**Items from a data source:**
========

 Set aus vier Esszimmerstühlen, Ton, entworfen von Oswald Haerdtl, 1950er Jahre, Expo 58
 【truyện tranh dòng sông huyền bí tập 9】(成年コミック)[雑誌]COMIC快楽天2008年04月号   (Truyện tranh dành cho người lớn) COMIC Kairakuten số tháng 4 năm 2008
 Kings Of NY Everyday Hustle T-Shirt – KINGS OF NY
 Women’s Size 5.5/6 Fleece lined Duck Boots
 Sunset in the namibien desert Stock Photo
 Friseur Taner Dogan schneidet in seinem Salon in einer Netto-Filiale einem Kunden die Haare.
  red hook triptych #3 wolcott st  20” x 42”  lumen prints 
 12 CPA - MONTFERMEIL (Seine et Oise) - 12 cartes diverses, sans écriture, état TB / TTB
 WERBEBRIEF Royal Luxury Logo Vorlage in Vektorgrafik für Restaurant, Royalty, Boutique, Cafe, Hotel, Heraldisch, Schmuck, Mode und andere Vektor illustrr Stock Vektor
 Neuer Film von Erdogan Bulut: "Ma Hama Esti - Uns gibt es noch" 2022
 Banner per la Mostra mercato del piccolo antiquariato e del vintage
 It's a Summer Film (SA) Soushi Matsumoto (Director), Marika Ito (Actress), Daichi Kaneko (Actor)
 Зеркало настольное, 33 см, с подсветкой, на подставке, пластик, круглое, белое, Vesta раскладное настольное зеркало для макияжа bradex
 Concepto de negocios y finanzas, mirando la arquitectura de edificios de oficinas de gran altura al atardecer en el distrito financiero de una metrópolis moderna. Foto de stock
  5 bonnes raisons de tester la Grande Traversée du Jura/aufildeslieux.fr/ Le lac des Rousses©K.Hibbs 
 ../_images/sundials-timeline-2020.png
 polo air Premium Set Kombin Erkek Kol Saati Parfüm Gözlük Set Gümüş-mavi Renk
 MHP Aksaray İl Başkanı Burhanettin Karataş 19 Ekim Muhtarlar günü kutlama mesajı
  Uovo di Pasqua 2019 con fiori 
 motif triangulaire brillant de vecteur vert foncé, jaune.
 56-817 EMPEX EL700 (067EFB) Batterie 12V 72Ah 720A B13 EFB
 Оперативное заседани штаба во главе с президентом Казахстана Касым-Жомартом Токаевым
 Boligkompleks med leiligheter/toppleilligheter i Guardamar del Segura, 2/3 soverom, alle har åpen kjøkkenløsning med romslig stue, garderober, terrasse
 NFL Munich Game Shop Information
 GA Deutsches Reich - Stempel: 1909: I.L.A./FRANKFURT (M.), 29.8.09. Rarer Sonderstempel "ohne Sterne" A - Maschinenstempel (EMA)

========

**Your assignment:** A faithful, complete copy of the entries above is required.

**Problem solution:**
 Set aus vier Esszimmerstühlen, Ton, entworfen von Oswald Haerdtl, 1950er Jahre, Expo 58
 【truyện tranh dòng sông huyền bí tập 9】(成年コミック)[雑誌]COMIC快楽天2008年04月号   (Truyện tranh dành cho người lớn) COMIC Kairakuten số tháng 4 năm 2008
 Kings Of NY Everyday Hustle T-Shirt – KINGS OF NY
 Women’s Size 5.5/6 Fleece lined Duck Boots
 Sunset in the namibien desert Stock Photo
 Friseur Taner Dogan schneidet in seinem Salon in einer Netto-Filiale einem Kunden die Haare.
  red hook triptych #3 wolcott st  20” x 42”  lumen prints 
 12 CPA - MONTFERMEIL (Seine et Oise) - 12 cartes diverses, sans écriture, état TB / TTB
 WERBEBRIEF Royal Luxury Logo Vorlage in Vektorgrafik für Restaurant, Royalty, Boutique, Cafe, Hotel, Heraldisch, Schmuck, Mode und andere Vektor illustrr Stock Vektor
 Neuer Film von Erdogan Bulut: "Ma Hama Esti - Uns gibt es noch" 2022
 Banner per la Mostra mercato del piccolo antiquariato e del vintage
 It's a Summer Film (SA) Soushi Matsumoto (Director), Marika Ito (Actress), Daichi Kaneko (Actor)
 Зеркало настольное, 33 см, с подсветкой, на подставке, пластик, круглое, белое, Vesta раскладное настольное зеркало для макияжа bradex
 Concepto de negocios y finanzas, mirando la arquitectura de edificios de oficinas de gran altura al atardecer en el distrito financiero de una metrópolis moderna. Foto de stock
  5 bonnes raisons de tester la Grande Traversée du Jura/aufildeslieux.fr/ Le lac des Rousses©K.Hibbs 
 ../_images/sundials-timeline-2020.png
 polo air Premium Set Kombin Erkek Kol Saati Parfüm Gözlük Set Gümüş-mavi Renk
 MHP Aksaray İl Başkanı Burhanettin Karataş 19 Ekim Muhtarlar günü kutlama mesajı
  Uovo di Pasqua 2019 con fiori 
 motif triangulaire brillant de vecteur vert foncé, jaune.
 56-817 EMPEX EL700 (067EFB) Batterie 12V 72Ah 720A B13 EFB
 Оперативное заседани штаба во главе с президентом Казахстана Касым-Жомартом Токаевым
 Boligkompleks med leiligheter/toppleilligheter i Guardamar del Segura, 2/3 soverom, alle har åpen kjøkkenløsning med romslig stue, garderober, terrasse
 NFL Munich Game Shop Information
 GA Deutsches Reich - Stempel: 1909: I.L.A./FRANKFURT (M.), 29.8.09. Rarer Sonderstempel "ohne Sterne" A - Maschinenstempel (EMA)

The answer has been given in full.